Es evidente que algún mensaje del Papa, por lo menos tal como es recibido y llega a los creyentes, se presta fácilmente a ser malinterpretado y, por consiguiente, no ayuda a que madure una conciencia verdadera y recta en los fieles sobre el propio pecado y las condiciones de su remisión en el sacramento de la reconciliación. Sin ánimo de ofender a Mons. Dario Viganò, prefecto de la secretaría para la comunicación de la Santa Sede, el «proceder zigzagueando» entre los conceptos sin detenerse nunca para concretar uno –algo que él reconoce como una cualidad del «estilo comunicativo del Papa Francisco», lo que «hace que sea tan irresistible» para el oyente moderno–, presenta algún que otro inconveniente espiritual y pastoral, que no es poca cosa si atañe a la gracia y los sacramentos, el tesoro de la Iglesia.
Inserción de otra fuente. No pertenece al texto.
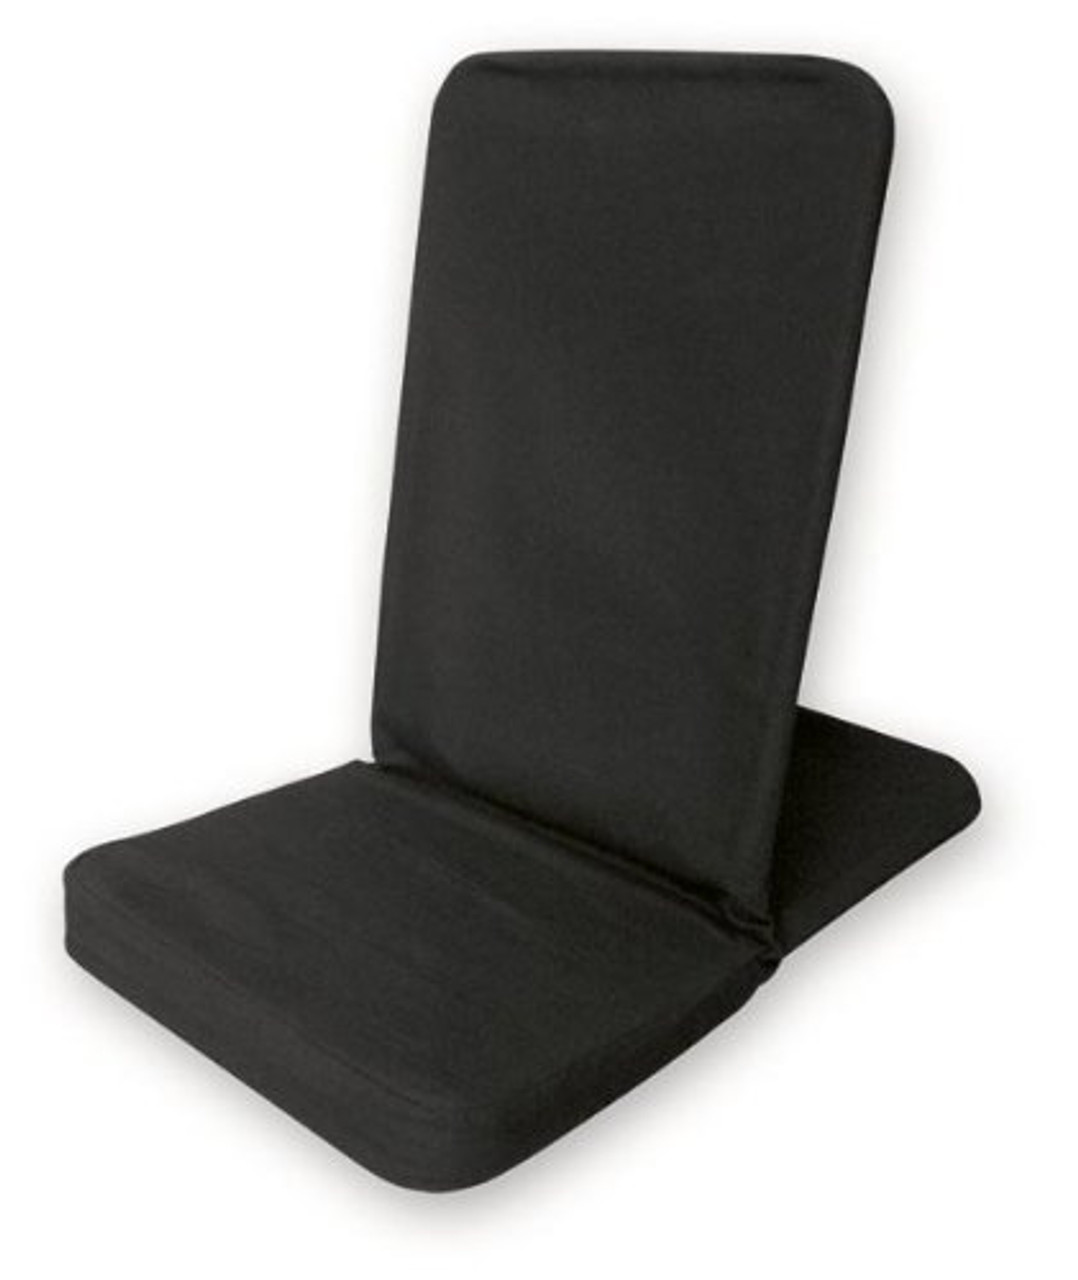 Backjack Chair For Meditation And Floor Sitting

Me detengo aquí para no abusar de su paciencia. No pretendo proponer como termómetro de la fe y de la vida eclesial la cantidad o la cualidad de las confesiones y, de manera más general, de la frecuencia a los sacramentos, ni hacer de ellos un parámetro exclusivo para la valoración de un pontificado o del estado de salud de la Iglesia. No sería justo y haría perder de vista otras dimensiones de la vida según el Evangelio y de la misión eclesial.
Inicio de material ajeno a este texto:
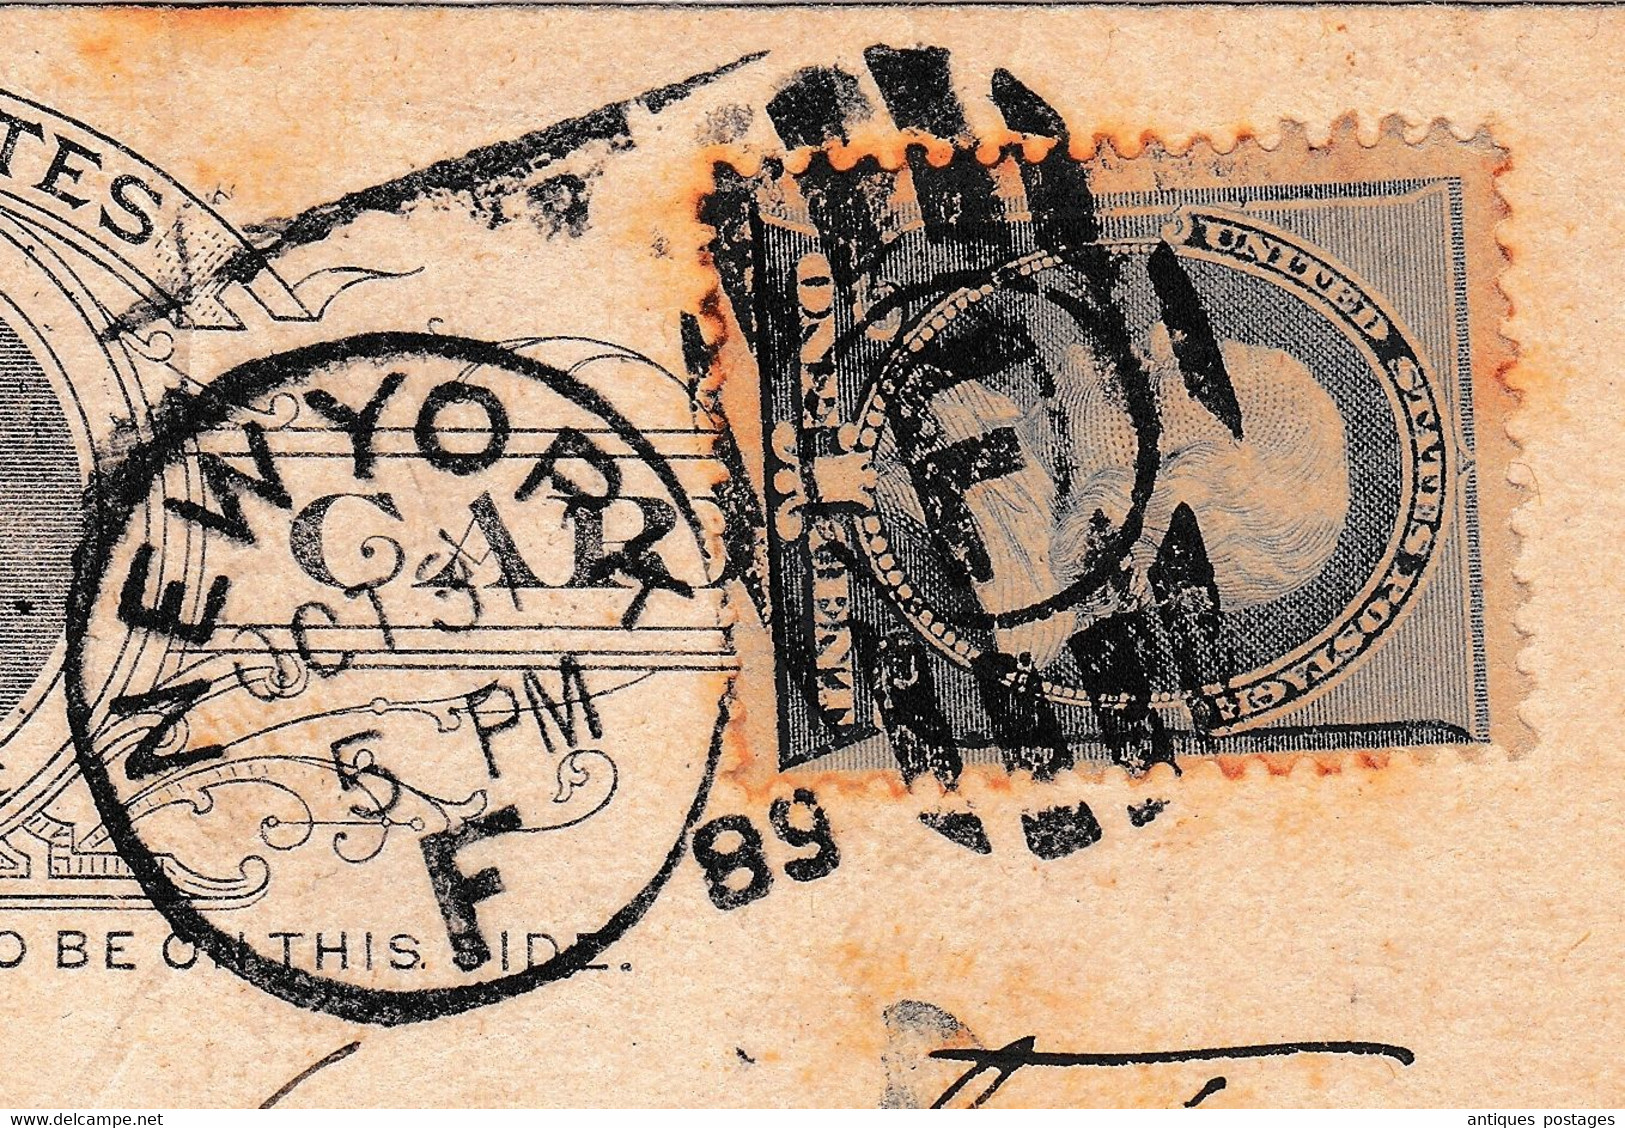 Postal Stationery 1889 One Cent Thomas Jefferson New York USA Bruxelles Belgique Henri Lamerlin Librairie

Pero no deberíamos tampoco dejar de tomar en consideración algunas señales preocupantes que proceden tanto de las iglesias de «periferia», como de las del «centro».
No estaban del todo equivocados los obispos que, por lo menos hasta el Concilio Vaticano II y en muchos casos también después, durante las visitas pastorales en la propia diócesis preguntaban a los párrocos, ante todo, cuántas confesiones y cuántas comuniones hacían en un año, relacionándolas con el número de bautizados confiados a su atención.
Y tampoco estaban equivocados los Papas que en el pasado se hacían entregar por los obispos en visita «ad limina apostolorum» el número de los sacramentos administrados en conjunto en sus diócesis.
Eran obispos y Papas que sacaban indicaciones útiles sobre el estado de las almas y de la santidad del pueblo de Dios simplemente a través de la medicina de las almas y del vehículo de la gracia santificante.
Ciertamente no disponían de todo el aparato institucional, comunicativo, tecnológico y organizativo hecho posible por la sociología religiosa, la prensa, la radio y la televisión, pero tenían de su parte la humilde certeza de que no es acariciando las modas culturales y antropológicas del tiempo como se salvan las almas, ni aceptando los (re)sentimientos y las reivindicaciones individuales y sociales tanto dentro como fuera de la Iglesia como se edifica al pueblo de Dios sobre el camino de la santidad.
Gracias por su atención y cordiales saludos, «ad maiorem Dei gloriam».
[Carta firmada]
Traducción en español de Helena Faccia Serrano, Alcalá de Henares, España.